What Caused The Kuda App Downtime On January 31 And How We Fixed It
A database backup triggered an app downtime on January 31. Here’s how we fixed it and what we’ve done to prevent a recurrence.
From the morning of Tuesday, January 31 to the evening of Wednesday, February 1, we had an app downtime that we didn’t anticipate. Important app services including transfers, bill payments and transaction notifications were unavailable to a large number of our customers. We know that this made things difficult for many people and we understand how frustrating it is to not be able to use your money when you need to.
In case you missed the messages we sent on the app and posted on social media on Thursday morning, we’ve fixed the downtime and all services have been working fine since then.
As much as we’d like to carry on with business as usual, you deserve a full explanation for the service outage and a clear picture of what we’ve done to make sure that such a thing doesn’t happen again. Here’s everything you need to know, in the simplest terms possible.
What caused the downtime?
Banks and fintechs like Kuda rely heavily on database platforms that are hosted by third party service providers. We use these platforms to store customer data securely and manage most of our processes, and our service provider is one of the largest in the world.
On Tuesday morning, our database service provider started a database backup outside our standard backup window. While it’s true that database backups are routine operations and necessary, this particular one didn’t go smoothly. It limited our database’s capacity to handle app services and eventually triggered a downtime that caused most of those services to fail, beginning with card transactions.

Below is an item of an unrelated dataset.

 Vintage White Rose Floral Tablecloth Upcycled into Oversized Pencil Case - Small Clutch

Even though the database backup was unscheduled and our service provider should have let us know before starting it, backups are important for keeping our services running at all times. Let’s explain this a bit:
During a backup, we duplicate our database and store it in case we need it for any recovery process. Having a copy prevents the loss of our customers’ vital information and helps us recover in the event of a data glitch.
We use three different kinds of operational database backups at Kuda — full backups that create a copy of the entire data set, differential (incremental) backups that copy data added after the last full backup we’ve done, and transaction log backups that create a copy of our customers’ transactions and app actions.

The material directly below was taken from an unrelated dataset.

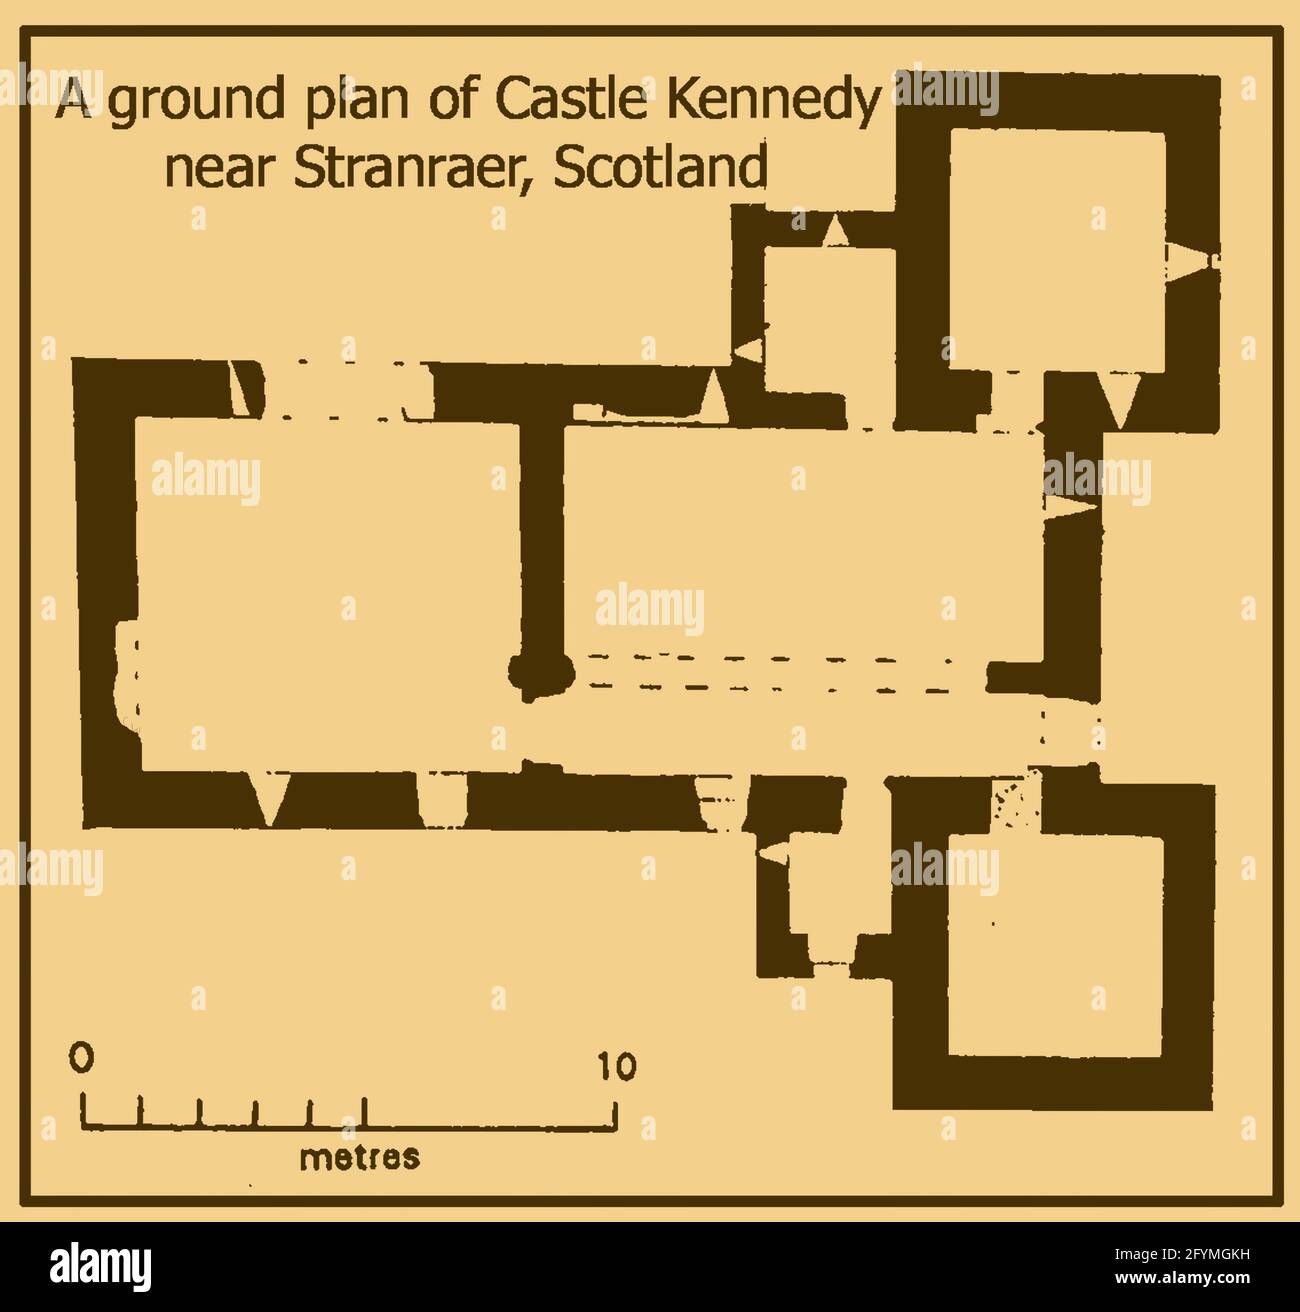 Castle Kennedy Gardens & Gardens, Dumfries & Galloway, Scotland in 2021 - A ground floor plan of  the ruined old castle  built in 1607 as a mansion house by the Earl of Cassilis, on the site of the original medieval castle. Bought by  Sir John Dalrymple, in 1677 it later became the home of the  Earl of Stair  but  was destroyed by fire in 1716 and never rebuilt. The  ancient scheduled monument, stands on the hill in the centre of the 'island' (isthmus) with   White and Black Lochs at each side. The medieval structure   was used for scenes in the original  British version of the Wickerman film. Stock Photo

During a backup process, the database infrastructure can be stretched to its capacity which is why we plan properly for each one and do it when a minimal number of customers are using their Kuda app.
How did we fix it?
We reached out to our service provider immediately and, together, we got to work on managing the backup to reduce its impact on app services.

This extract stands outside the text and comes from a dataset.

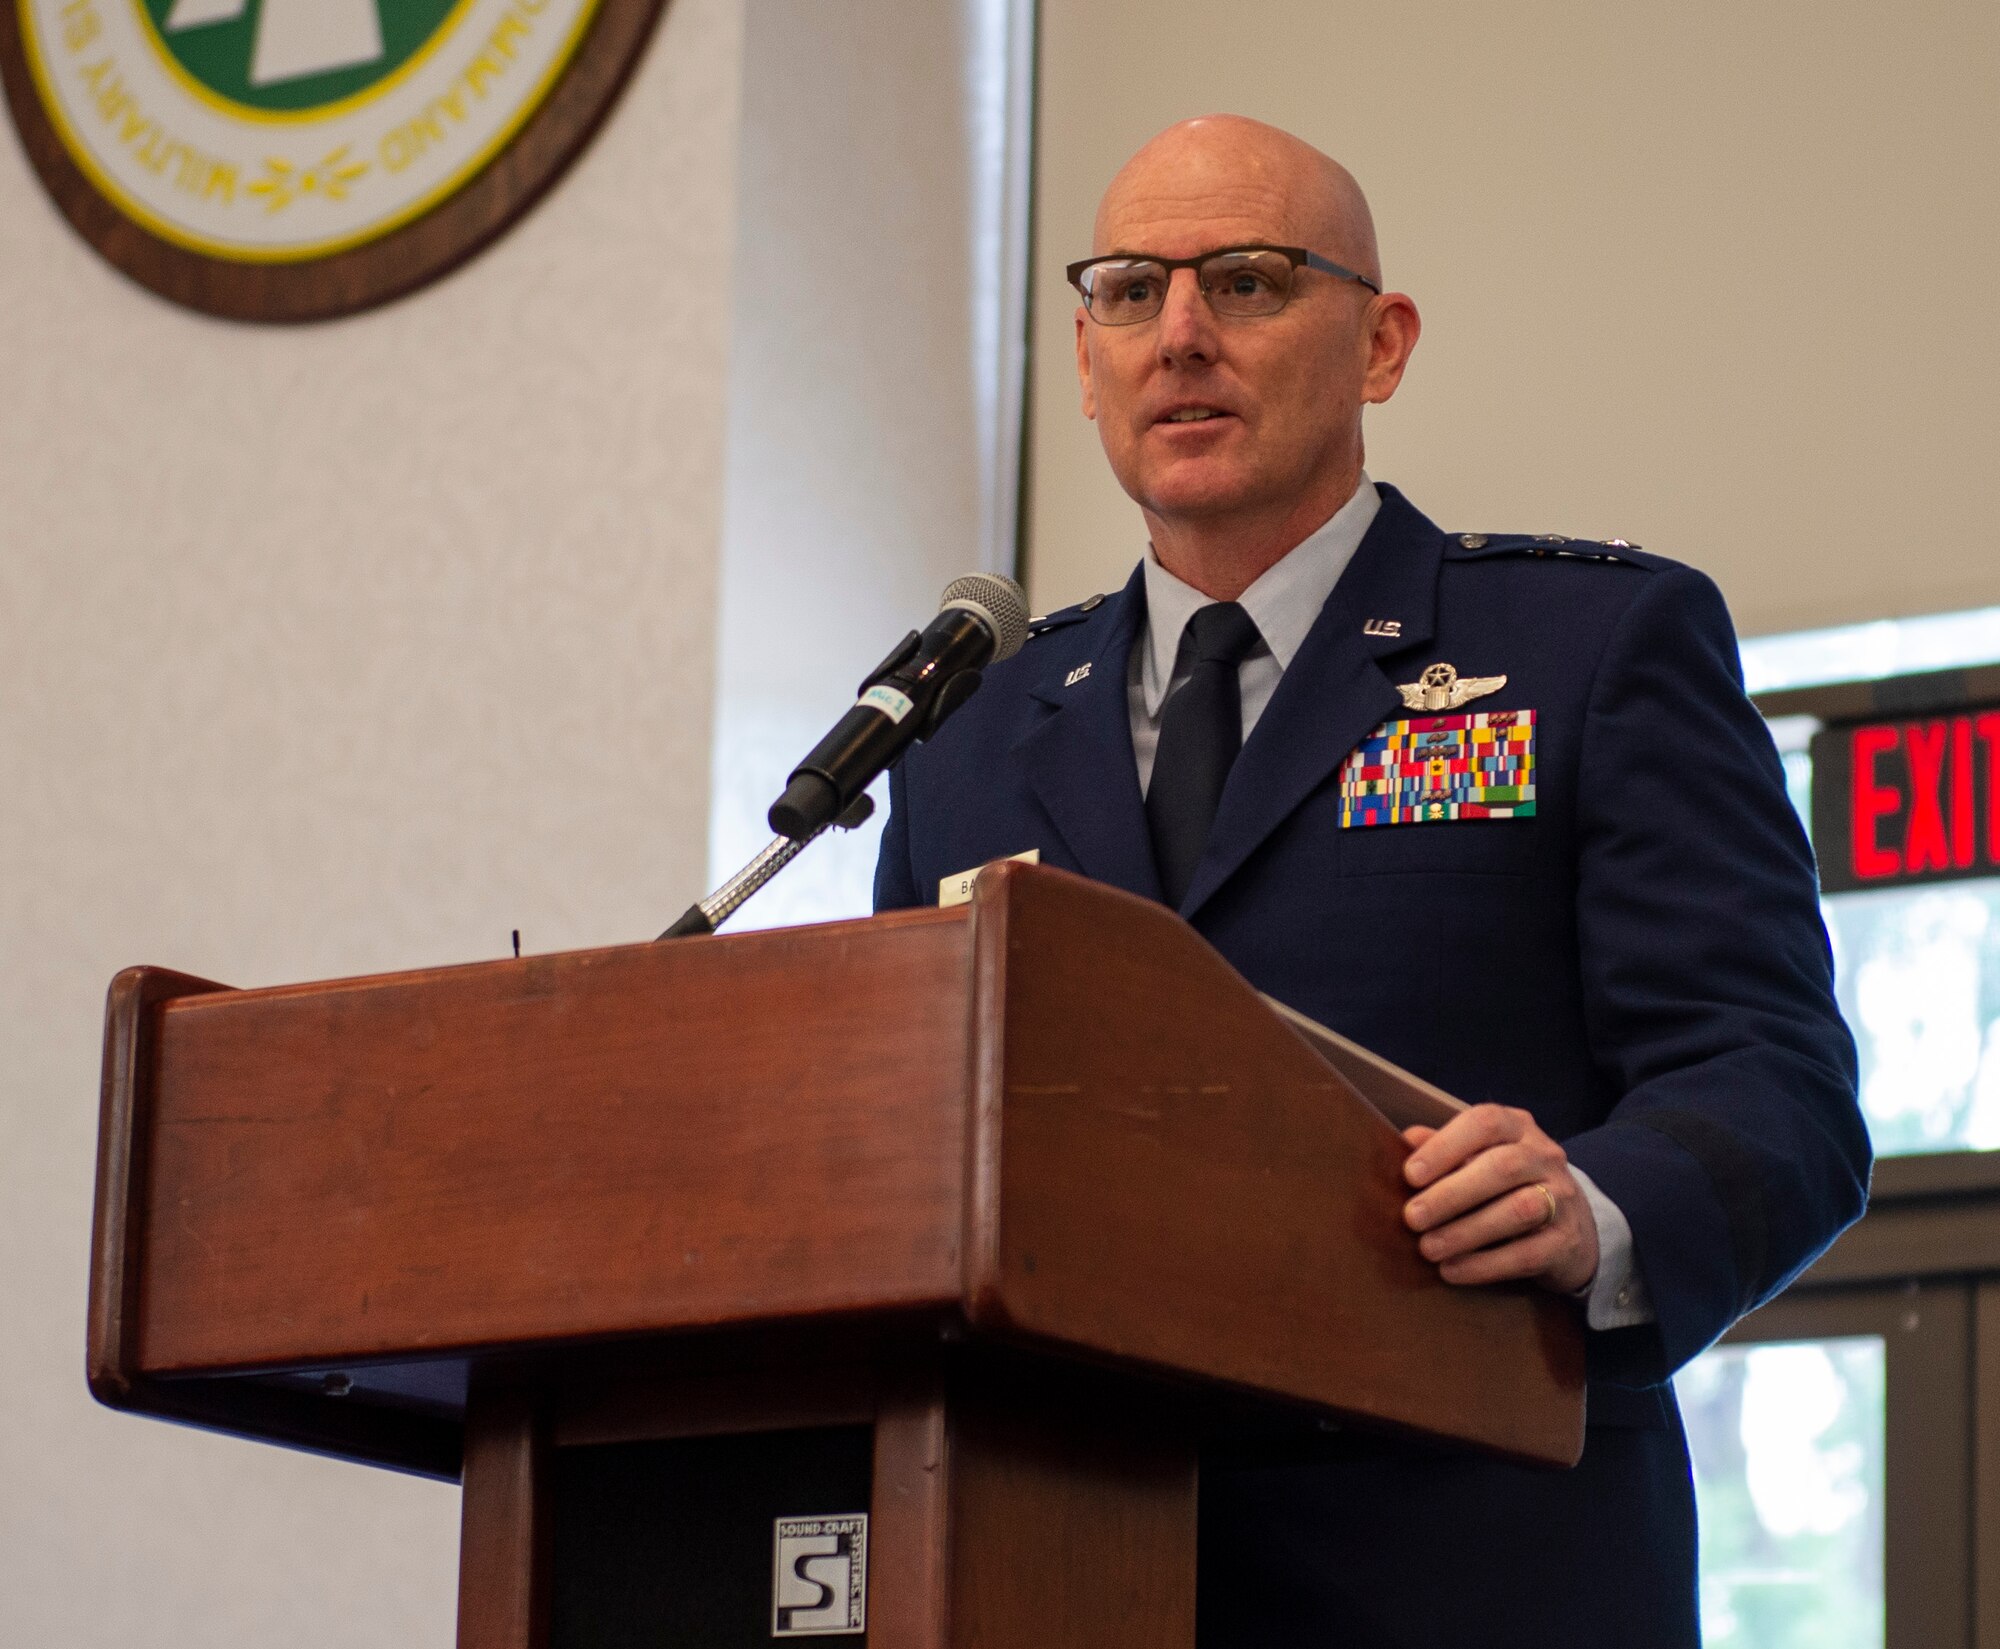 Maj. Gen. Sam Barrett, 18th Air Force Commander, speaks to the audience during the 18th AF Change of Command Ceremony July 31, at Scott Air Force Base, Ill. Barrett comes to 18 AF from his position as the Director of operations, Strategic Deterrence and Nuclear Integration, Headquarters Air Mobility Command, Scott AFB. (U.S. Air Force photo by Airman 1st Class Chad Gorecki)

As a part of the management process, our service provider upscaled our database’s capacity so that services could run smoothly but this had the opposite effect — it knocked our database offline, which meant that even the most basic app processes like sign-ins and account balance updates were either slow or unavailable for most customers.
When our database came back online, it was in recovery mode and its performance was still not at its best. Some customers could access their accounts and use some app services but most customers couldn’t.
At around 11:00 pm on Wednesday, we were able to restore app services for more customers but we still weren’t satisfied with the quality of those services — they were slow and failed intermittently.
From Wednesday night till Thursday morning, we continued working to restore and improve app services for all customers and speed up transactions while monitoring the database until we were confident enough to announce that we had fixed the downtime.
Throughout the downtime, everyone’s money was safe in their accounts and there was no data breach. We understand that seeing an account balance of ₦0.00 during the downtime was very scary, but that only happened because the service that loads account balances failed so your Kuda app defaulted to showing zero — not your true balance.
What have we done to make sure it doesn’t happen again?
1. We’ve asked our provider to increase the size and expertise of the technical support team assigned to us right away so that if there’s any issue with their service in the future, they’ll sort it out in the shortest time possible.
2. We’ve improved communications between our provider and our internal technical team to make sure that we get clear information well ahead of any technical updates or maintenance on our provider’s end.
3. We’re exploring the option of adding another world-class service provider to make sure that we can always provide stable services.
4. Even though this downtime wasn’t caused by an internal fault, we’ve expanded the capacity of our internal backup systems to handle our growing needs.
We’re confident that with these steps we’ve taken, we’ve minimised the chance of this ever happening but if there’s ever a downtime or glitch, we’ve built a status page that’ll let you know what’s happening and what we’re doing to fix it.
You can subscribe to get updates on the status page or you can check the page any time you need up-to-date information about the condition of the services on your Kuda app. We promise not to keep you in the dark, even if that means telling you an inconvenient truth.
Thank you for your patience and once again, we’re sorry for the stress that the downtime may have caused you.
The Kuda Team